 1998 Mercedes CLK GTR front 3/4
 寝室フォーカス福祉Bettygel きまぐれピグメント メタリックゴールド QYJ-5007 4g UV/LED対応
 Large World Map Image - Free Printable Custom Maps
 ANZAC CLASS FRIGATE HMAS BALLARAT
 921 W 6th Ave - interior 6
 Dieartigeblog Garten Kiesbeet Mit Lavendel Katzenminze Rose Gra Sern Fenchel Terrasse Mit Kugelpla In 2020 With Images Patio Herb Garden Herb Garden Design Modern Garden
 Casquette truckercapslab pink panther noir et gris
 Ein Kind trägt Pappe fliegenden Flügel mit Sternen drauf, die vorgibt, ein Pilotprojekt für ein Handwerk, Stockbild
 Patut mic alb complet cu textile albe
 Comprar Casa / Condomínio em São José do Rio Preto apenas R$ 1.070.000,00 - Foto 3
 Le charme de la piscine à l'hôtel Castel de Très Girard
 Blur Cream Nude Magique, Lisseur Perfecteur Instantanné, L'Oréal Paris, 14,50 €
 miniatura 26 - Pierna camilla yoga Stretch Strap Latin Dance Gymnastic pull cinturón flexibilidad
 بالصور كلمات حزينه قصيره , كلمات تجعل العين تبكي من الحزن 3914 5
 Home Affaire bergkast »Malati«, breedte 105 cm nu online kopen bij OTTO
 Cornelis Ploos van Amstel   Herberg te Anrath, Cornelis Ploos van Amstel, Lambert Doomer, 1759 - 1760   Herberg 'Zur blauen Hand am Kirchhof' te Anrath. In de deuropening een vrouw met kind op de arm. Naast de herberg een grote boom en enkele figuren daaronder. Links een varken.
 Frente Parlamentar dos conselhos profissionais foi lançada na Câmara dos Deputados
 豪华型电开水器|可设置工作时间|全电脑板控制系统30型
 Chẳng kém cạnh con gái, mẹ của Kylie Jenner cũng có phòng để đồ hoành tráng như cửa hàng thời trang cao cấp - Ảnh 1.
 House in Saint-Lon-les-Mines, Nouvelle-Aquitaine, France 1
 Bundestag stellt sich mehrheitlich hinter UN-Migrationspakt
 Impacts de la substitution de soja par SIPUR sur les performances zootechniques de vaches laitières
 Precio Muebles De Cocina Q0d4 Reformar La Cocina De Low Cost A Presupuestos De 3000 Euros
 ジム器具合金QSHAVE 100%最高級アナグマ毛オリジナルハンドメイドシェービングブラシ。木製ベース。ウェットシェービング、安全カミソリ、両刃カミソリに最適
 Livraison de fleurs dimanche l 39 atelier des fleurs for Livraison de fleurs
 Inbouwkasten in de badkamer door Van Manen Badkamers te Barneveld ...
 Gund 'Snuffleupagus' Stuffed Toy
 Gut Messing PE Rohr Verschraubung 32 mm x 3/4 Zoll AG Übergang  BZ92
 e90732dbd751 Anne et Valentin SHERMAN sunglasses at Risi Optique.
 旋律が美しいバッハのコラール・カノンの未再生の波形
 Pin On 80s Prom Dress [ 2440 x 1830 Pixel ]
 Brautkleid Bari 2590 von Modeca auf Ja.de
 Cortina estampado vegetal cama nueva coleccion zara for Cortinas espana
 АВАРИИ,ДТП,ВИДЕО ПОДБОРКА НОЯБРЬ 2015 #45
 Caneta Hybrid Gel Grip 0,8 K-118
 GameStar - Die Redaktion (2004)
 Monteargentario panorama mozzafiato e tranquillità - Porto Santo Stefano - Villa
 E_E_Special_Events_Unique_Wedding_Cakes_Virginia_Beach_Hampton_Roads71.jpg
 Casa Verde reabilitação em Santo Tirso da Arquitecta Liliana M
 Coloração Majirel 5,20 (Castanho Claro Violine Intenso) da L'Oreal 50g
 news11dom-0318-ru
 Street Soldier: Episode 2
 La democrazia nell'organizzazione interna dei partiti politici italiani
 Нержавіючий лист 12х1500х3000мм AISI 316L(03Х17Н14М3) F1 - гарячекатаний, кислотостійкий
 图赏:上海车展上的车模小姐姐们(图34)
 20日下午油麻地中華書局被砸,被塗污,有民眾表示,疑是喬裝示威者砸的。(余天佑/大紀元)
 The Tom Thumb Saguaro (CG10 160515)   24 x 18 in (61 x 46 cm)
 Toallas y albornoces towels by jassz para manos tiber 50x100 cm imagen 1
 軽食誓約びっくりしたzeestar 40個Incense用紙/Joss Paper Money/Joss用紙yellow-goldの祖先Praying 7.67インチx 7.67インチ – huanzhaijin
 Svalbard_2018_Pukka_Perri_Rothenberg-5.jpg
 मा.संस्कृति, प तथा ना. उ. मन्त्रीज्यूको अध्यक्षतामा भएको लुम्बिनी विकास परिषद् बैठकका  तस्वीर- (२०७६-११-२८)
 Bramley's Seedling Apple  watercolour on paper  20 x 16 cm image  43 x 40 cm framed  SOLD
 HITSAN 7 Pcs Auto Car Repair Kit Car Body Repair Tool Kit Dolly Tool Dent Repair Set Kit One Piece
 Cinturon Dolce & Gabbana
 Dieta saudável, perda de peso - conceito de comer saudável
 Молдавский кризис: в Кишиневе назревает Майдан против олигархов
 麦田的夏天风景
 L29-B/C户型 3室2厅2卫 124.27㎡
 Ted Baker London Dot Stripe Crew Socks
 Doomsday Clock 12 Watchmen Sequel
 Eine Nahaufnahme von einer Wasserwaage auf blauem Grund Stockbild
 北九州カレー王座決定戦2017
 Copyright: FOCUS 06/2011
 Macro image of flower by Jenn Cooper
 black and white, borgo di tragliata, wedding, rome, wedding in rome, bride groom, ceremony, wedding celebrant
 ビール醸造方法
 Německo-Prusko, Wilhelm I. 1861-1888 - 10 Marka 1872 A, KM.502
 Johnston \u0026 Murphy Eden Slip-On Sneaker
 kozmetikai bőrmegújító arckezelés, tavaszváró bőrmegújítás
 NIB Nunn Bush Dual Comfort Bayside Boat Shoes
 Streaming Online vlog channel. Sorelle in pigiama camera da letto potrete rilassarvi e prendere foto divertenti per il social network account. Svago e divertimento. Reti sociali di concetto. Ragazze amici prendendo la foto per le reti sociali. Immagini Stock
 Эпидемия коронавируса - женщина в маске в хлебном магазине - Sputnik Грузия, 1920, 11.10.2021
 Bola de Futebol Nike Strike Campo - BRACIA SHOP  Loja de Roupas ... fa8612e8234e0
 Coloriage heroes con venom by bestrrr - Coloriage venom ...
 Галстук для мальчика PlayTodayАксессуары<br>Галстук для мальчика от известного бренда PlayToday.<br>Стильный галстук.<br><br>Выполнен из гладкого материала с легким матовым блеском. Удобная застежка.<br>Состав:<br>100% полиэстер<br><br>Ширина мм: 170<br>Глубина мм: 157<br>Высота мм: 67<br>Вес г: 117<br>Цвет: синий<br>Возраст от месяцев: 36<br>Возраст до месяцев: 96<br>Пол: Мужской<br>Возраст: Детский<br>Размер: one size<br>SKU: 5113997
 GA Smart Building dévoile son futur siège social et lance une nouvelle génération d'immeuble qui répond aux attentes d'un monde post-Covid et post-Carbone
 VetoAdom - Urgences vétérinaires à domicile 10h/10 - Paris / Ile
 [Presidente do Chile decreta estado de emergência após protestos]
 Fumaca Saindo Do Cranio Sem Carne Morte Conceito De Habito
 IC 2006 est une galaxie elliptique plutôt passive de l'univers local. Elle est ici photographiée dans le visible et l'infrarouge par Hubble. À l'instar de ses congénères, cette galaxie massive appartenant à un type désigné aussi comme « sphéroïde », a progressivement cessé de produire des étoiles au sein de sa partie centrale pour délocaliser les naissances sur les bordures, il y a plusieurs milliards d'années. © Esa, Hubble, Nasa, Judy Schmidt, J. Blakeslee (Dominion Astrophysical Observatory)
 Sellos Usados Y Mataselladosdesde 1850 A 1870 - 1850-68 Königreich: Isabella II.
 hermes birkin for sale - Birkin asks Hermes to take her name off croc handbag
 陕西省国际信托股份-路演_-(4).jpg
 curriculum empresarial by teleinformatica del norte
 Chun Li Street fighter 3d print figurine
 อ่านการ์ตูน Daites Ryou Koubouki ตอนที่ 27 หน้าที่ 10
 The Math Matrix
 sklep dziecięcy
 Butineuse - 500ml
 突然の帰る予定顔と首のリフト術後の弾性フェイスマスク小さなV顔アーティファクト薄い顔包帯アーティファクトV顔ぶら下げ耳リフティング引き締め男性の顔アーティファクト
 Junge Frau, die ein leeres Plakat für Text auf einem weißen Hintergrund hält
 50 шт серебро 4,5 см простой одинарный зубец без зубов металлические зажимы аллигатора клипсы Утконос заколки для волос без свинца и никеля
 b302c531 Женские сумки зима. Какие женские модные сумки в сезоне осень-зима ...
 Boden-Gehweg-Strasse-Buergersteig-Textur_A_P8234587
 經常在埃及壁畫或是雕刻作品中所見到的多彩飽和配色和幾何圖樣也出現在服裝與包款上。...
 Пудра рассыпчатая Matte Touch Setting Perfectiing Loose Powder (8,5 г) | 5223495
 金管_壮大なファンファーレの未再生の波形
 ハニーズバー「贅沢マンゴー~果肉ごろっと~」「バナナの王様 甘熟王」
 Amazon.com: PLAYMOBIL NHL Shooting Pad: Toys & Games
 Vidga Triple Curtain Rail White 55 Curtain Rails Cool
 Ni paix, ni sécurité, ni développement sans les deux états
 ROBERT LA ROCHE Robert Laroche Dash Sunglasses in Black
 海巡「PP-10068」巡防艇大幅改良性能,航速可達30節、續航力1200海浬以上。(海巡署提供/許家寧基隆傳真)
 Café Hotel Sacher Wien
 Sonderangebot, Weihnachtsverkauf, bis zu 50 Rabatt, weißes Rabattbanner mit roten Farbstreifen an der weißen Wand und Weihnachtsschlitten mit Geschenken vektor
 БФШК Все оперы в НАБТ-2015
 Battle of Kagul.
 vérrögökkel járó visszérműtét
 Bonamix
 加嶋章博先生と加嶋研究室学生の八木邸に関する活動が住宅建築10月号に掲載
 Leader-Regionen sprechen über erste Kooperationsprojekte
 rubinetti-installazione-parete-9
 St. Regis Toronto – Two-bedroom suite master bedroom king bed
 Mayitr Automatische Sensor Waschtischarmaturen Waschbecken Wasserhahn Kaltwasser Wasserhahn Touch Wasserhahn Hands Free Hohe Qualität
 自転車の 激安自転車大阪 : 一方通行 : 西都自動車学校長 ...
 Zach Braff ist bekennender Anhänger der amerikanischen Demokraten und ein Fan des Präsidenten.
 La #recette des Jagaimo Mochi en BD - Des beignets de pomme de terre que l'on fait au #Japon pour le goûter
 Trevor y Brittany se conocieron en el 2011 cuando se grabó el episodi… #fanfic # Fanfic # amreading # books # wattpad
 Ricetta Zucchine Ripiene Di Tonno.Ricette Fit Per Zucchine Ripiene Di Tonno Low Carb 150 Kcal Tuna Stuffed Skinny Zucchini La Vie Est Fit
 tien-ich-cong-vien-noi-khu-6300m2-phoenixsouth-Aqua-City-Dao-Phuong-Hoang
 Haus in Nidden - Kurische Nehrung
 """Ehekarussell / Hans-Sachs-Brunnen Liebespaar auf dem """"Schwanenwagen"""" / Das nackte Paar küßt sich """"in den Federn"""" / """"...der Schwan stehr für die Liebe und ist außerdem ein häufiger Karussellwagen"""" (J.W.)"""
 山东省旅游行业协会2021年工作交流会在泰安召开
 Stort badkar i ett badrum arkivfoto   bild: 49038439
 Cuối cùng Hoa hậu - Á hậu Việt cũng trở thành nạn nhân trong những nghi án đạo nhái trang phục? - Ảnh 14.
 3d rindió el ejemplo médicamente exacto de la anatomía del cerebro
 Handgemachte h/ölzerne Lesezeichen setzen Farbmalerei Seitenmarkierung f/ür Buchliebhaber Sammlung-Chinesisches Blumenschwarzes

» **Instructions to follow**:
Going back to the entries above, set down exactly the lines that begin at the one with "black and white, borgo" and end at the one with "NIB Nunn Bush", both included, and nothing else.

» **Result**:
 black and white, borgo di tragliata, wedding, rome, wedding in rome, bride groom, ceremony, wedding celebrant
 ビール醸造方法
 Německo-Prusko, Wilhelm I. 1861-1888 - 10 Marka 1872 A, KM.502
 Johnston \u0026 Murphy Eden Slip-On Sneaker
 kozmetikai bőrmegújító arckezelés, tavaszváró bőrmegújítás
 NIB Nunn Bush Dual Comfort Bayside Boat Shoes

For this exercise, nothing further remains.